All of lore.kernel.org
 help / color / mirror / Atom feed
From: Yury Norov <yury.norov@gmail.com>
To: Andrea Righi <arighi@nvidia.com>
Cc: Tejun Heo <tj@kernel.org>, David Vernet <void@manifault.com>,
	Changwoo Min <changwoo@igalia.com>,
	Ingo Molnar <mingo@redhat.com>,
	Peter Zijlstra <peterz@infradead.org>,
	Juri Lelli <juri.lelli@redhat.com>,
	Vincent Guittot <vincent.guittot@linaro.org>,
	Dietmar Eggemann <dietmar.eggemann@arm.com>,
	Steven Rostedt <rostedt@goodmis.org>,
	Ben Segall <bsegall@google.com>, Mel Gorman <mgorman@suse.de>,
	Valentin Schneider <vschneid@redhat.com>,
	Joel Fernandes <joel@joelfernandes.org>,
	Ian May <ianm@nvidia.com>,
	bpf@vger.kernel.org, linux-kernel@vger.kernel.org
Subject: Re: [PATCH 2/7] mm/numa: Introduce nearest_node_nodemask()
Date: Thu, 13 Feb 2025 12:12:46 -0500	[thread overview]
Message-ID: <Z64oDlh9vzvRYziL@thinkpad> (raw)
In-Reply-To: <Z64brsSMAR7cLPUU@gpd3>

On Thu, Feb 13, 2025 at 05:19:58PM +0100, Andrea Righi wrote:
> On Thu, Feb 13, 2025 at 10:57:00AM -0500, Yury Norov wrote:
> > On Wed, Feb 12, 2025 at 05:48:09PM +0100, Andrea Righi wrote:
> > > Introduce the new helper nearest_node_nodemask() to find the closest
> > > node in a specified nodemask from a given starting node.
> > > 
> > > Returns MAX_NUMNODES if no node is found.
> > > 
> > > Cc: Yury Norov <yury.norov@gmail.com>
> > > Signed-off-by: Andrea Righi <arighi@nvidia.com>
> > 
> > Suggested-by: Yury Norov [NVIDIA] <yury.norov@gmail.com>
> 
> Ok.
> 
> > 
> > > ---
> > >  include/linux/numa.h |  7 +++++++
> > >  mm/mempolicy.c       | 32 ++++++++++++++++++++++++++++++++
> > >  2 files changed, 39 insertions(+)
> > > 
> > > diff --git a/include/linux/numa.h b/include/linux/numa.h
> > > index 31d8bf8a951a7..e6baaf6051bcf 100644
> > > --- a/include/linux/numa.h
> > > +++ b/include/linux/numa.h
> > > @@ -31,6 +31,8 @@ void __init alloc_offline_node_data(int nid);
> > >  /* Generic implementation available */
> > >  int numa_nearest_node(int node, unsigned int state);
> > >  
> > > +int nearest_node_nodemask(int node, nodemask_t *mask);
> > > +
> > 
> > See how you use it.
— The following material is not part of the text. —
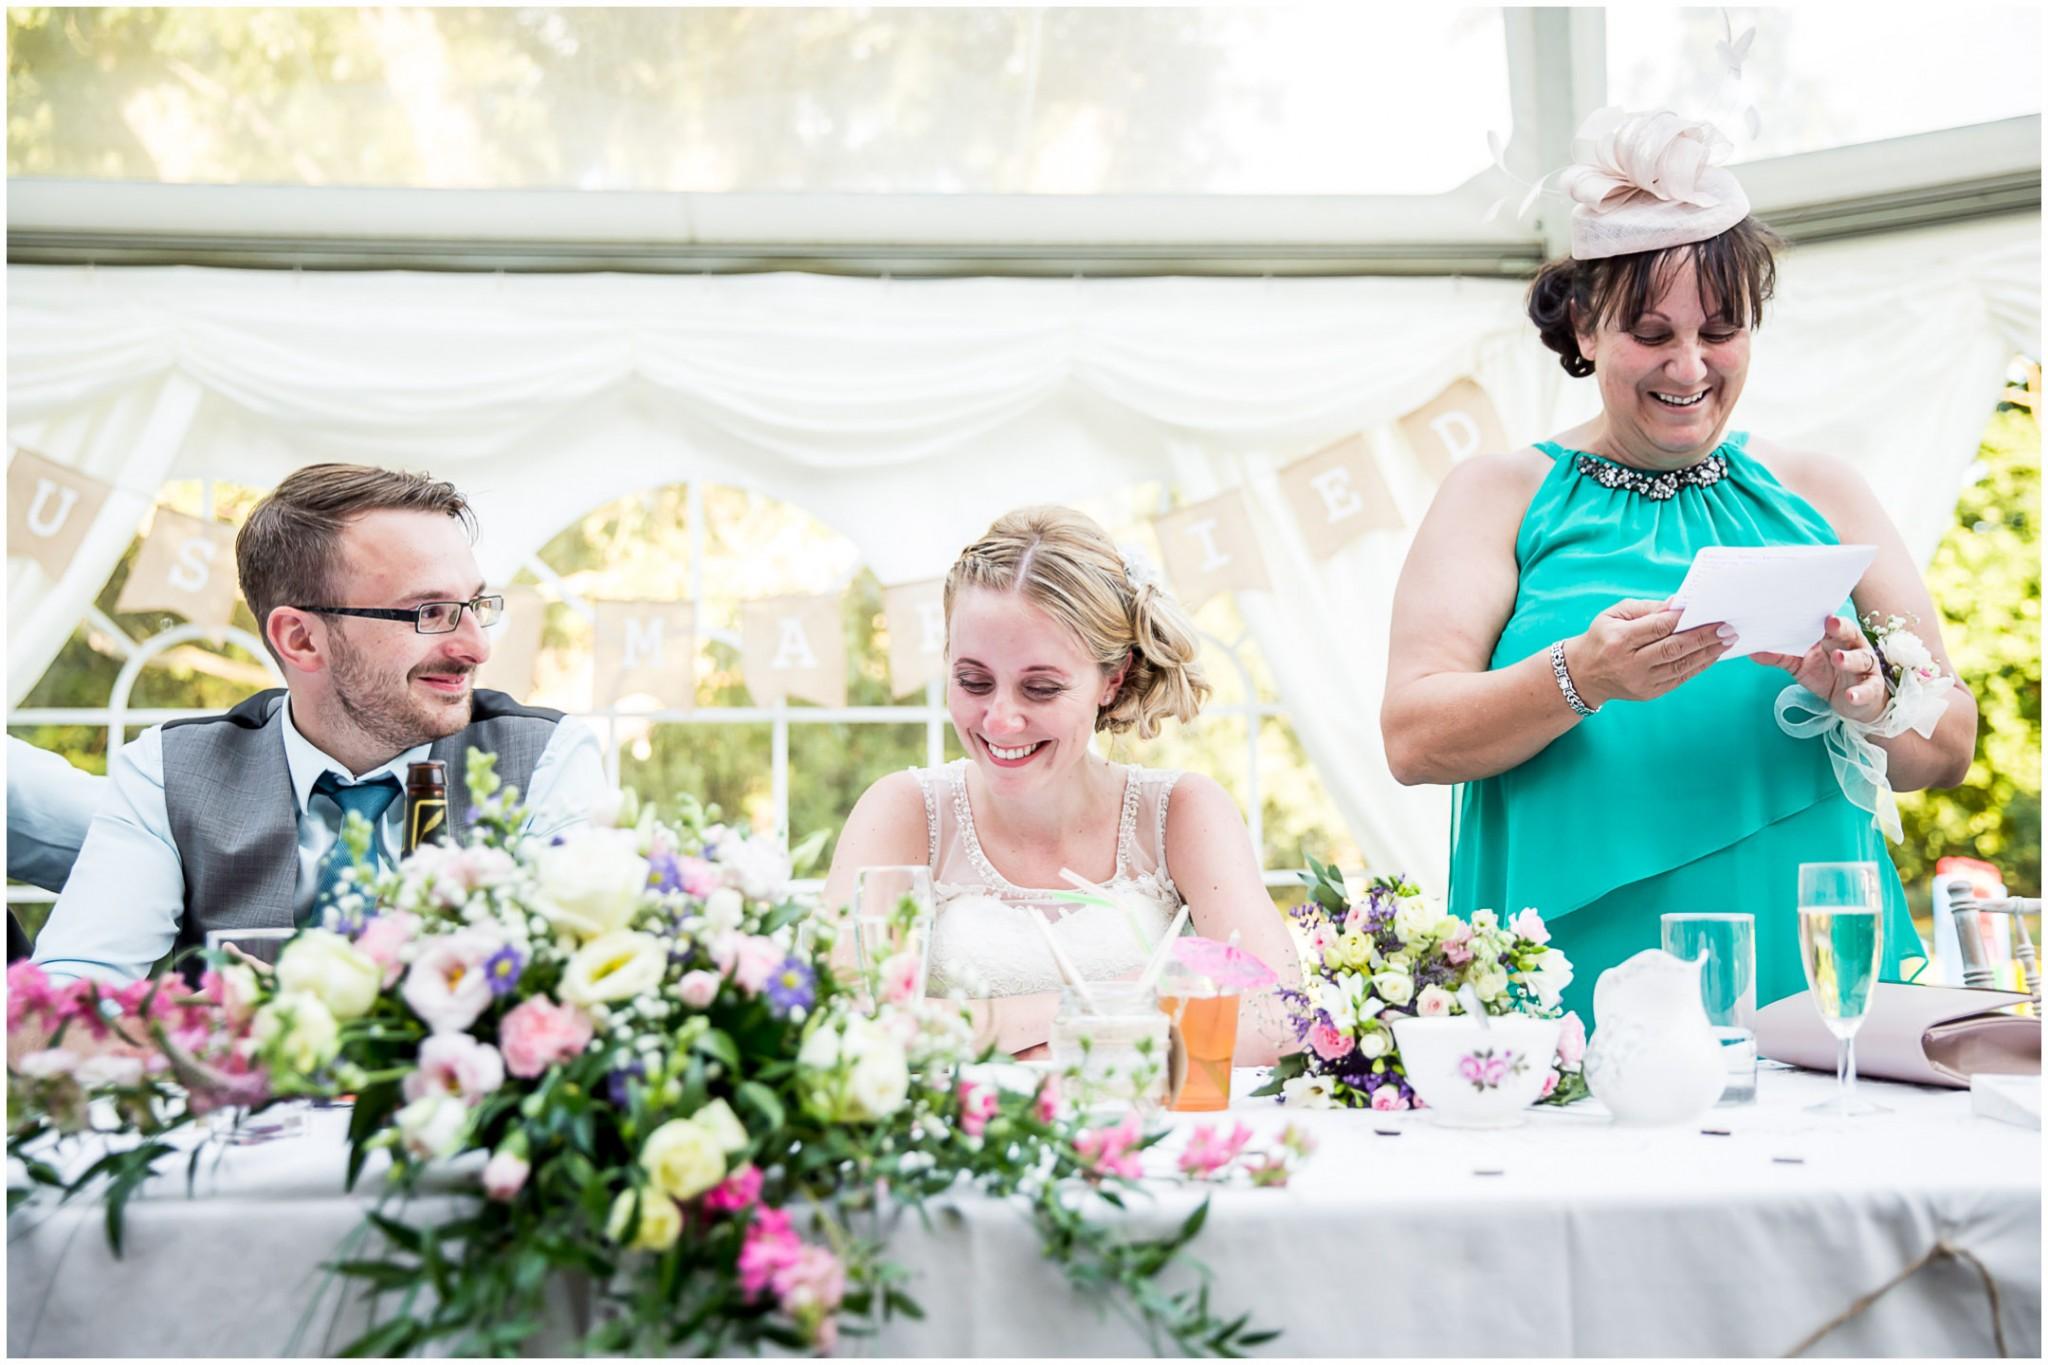 Tournerbury Woods Estate Wedding Mother of the Bride's speech

It looks a bit inconsistent to the other functions:
> > 
> >   #define for_each_node_numadist(node, unvisited)                                \
> >          for (int start = (node),                                                \
> >               node = nearest_node_nodemask((start), &(unvisited));               \
> >               node < MAX_NUMNODES;                                               \
> >               node_clear(node, (unvisited)),                                     \
> >               node = nearest_node_nodemask((start), &(unvisited)))
> >   
> > 
> > I would suggest to make it aligned with the rest of the API:
> > 
> >   #define node_clear(node, dst) __node_clear((node), &(dst))
> >   static __always_inline void __node_clear(int node, volatile nodemask_t *dstp)
> >   {
> >           clear_bit(node, dstp->bits);
> >   }
> 
> Sorry Yury, can you elaborate more on this? What do you mean with
> inconsistent, is it the volatile nodemask_t *?

What I mean is:
  #define nearest_node_nodemask(start, srcp)
                __nearest_node_nodemask((start), &(srcp))
  int __nearest_node_nodemask(int node, nodemask_t *mask);

That way you'll be able to make the above for-loop looking more
uniform:

  #define for_each_node_numadist(node, unvisited)                                \
         for (int __s = (node),                                                \
              (node) = nearest_node_nodemask(__s, (unvisited));               \
              (node) < MAX_NUMNODES;                                               \
              node_clear((node), (unvisited)),                                     \
              (node) = nearest_node_nodemask(__s, (unvisited)))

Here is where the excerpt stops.